Katie Clouse, on the other hand, was quieter than a Katie mouse, just sitting in the third spot not saying a word. For a time, it looked like she was implementing one of those savvy Euro-strategies she may have picked up during her latest road racing stint overseas. At one point, Sturm started to heckle all of us in the media car so I took the opportunity to ask if she knew Katie was even with them. Sarah assured me she was aware of Clouse and even let us know she had asked Clouse why her once-white team socks were now a pale gray. Katie tried to explain that they were the only pair she had been give at that point. Sturm told her something along the line of “they still let you buy clorox, don’t they?”
This conversation took place at about 10,000 feet or higher. While I was out of breath just running back to the car for 20 steps, these women were racing and performing improv comedy.
On the penultimate climb, Clouse could no longer follow Payer and Sturm’s wheels. Payer put in a sustained effort on the final climb, gained some ground over Sturm, and then bombed the descent to take the solo win. Sturm strolled in for a second-place finish, and Clouse finished third.
On the men’s side, Quinn Simmons took the win over Caleb Classen, with Riley Amos finishing third.
In the 1990s, mountain biking was so popular they made up events just for television. Well, at least one event: The Roostmaster. The first Roostmaster was in 1993 on Chapman Hill, and Tinker Juarez took the win. He was joined by women’s winner Ruthie Masters in 1994. In 1995 and 1996, there was a $5000 prize purse, and ESPN broadcast the event. John Tomac and Julie Furtado won the Roostmaster both of those years. After that, it vanished until its return in 2022.
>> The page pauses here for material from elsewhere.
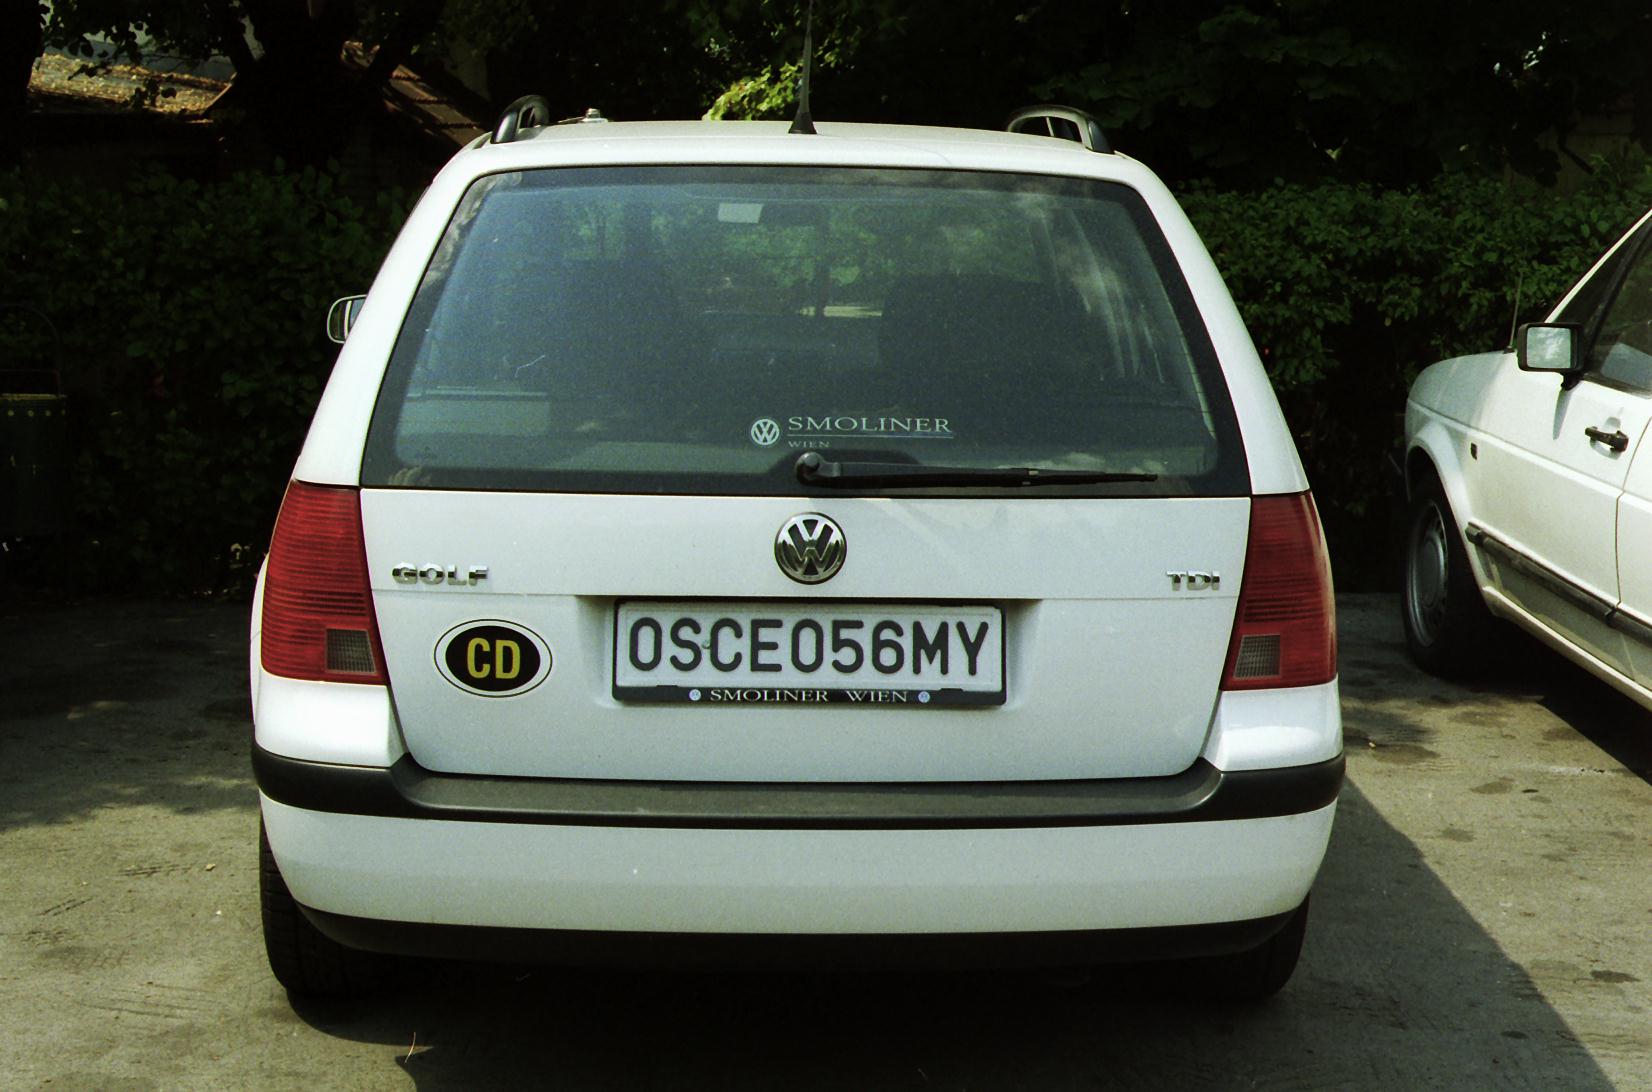 OSCE_in_SRB_2003_Belgrade_056MY_ZP.JPG

If you’ve been following what the Savannah Bananas are doing for minor league baseball and baseball in general, the Roostmaster is in the same spirit. It’s ridiculous, fun, made up its own rules, and is easy to follow. The competition is real, and it’s over before anyone gets bored.
For this year’s event, the rules were a little sketchy but it went something like this: the women’s and men’s fields alternated doing one lap on a mile-ish long course that included one big climb up Chapman Hill and then one big descent on a dual slalom course. The festivities included lots of big air, crazy descents, missing sleeves and an endless parade of on-bike jorts. Each field did three laps and points were awarded based on where you crossed the finish line. Riders with the most points (or maybe the least points) after three rounds got on the podium. Sidenote, there was no podium.
Regardless of the lack of rules and general organization, the event was entertaining, and the crowds were huge. Let’s start a national Roostmaster series today. Who’s with me?
After the chaos and absurdity of the Roostmaster subsided, it was time for a more traditional dual slalom competition. Riders competed in a bracketed tournament with each pair competing twice against each other, on alternate tracks. The time gaps from each win are combined to see who wins a round and moves on. So if you were two tenths of a second behind your competitor in the first run and 3 tenths faster in the second run, you moved on with a one tenth of a second winning margin. The rounds go by faster each time as more riders are eliminated until you are left with just two racers competing for the win.
The Chapman Hill dual slalom course is under the lights. The event could not have gone better between the racing, the rain, and the pack of deer who got in a few race runs mid-competition.
The road race makes the Iron Horse Bicycle Classic iconic, there is no argument about that, but the Roostmaster and dual slalom give an outsider to this scene a great look at the soul of Durango cycling culture. My hope is they will bring it back for year 51.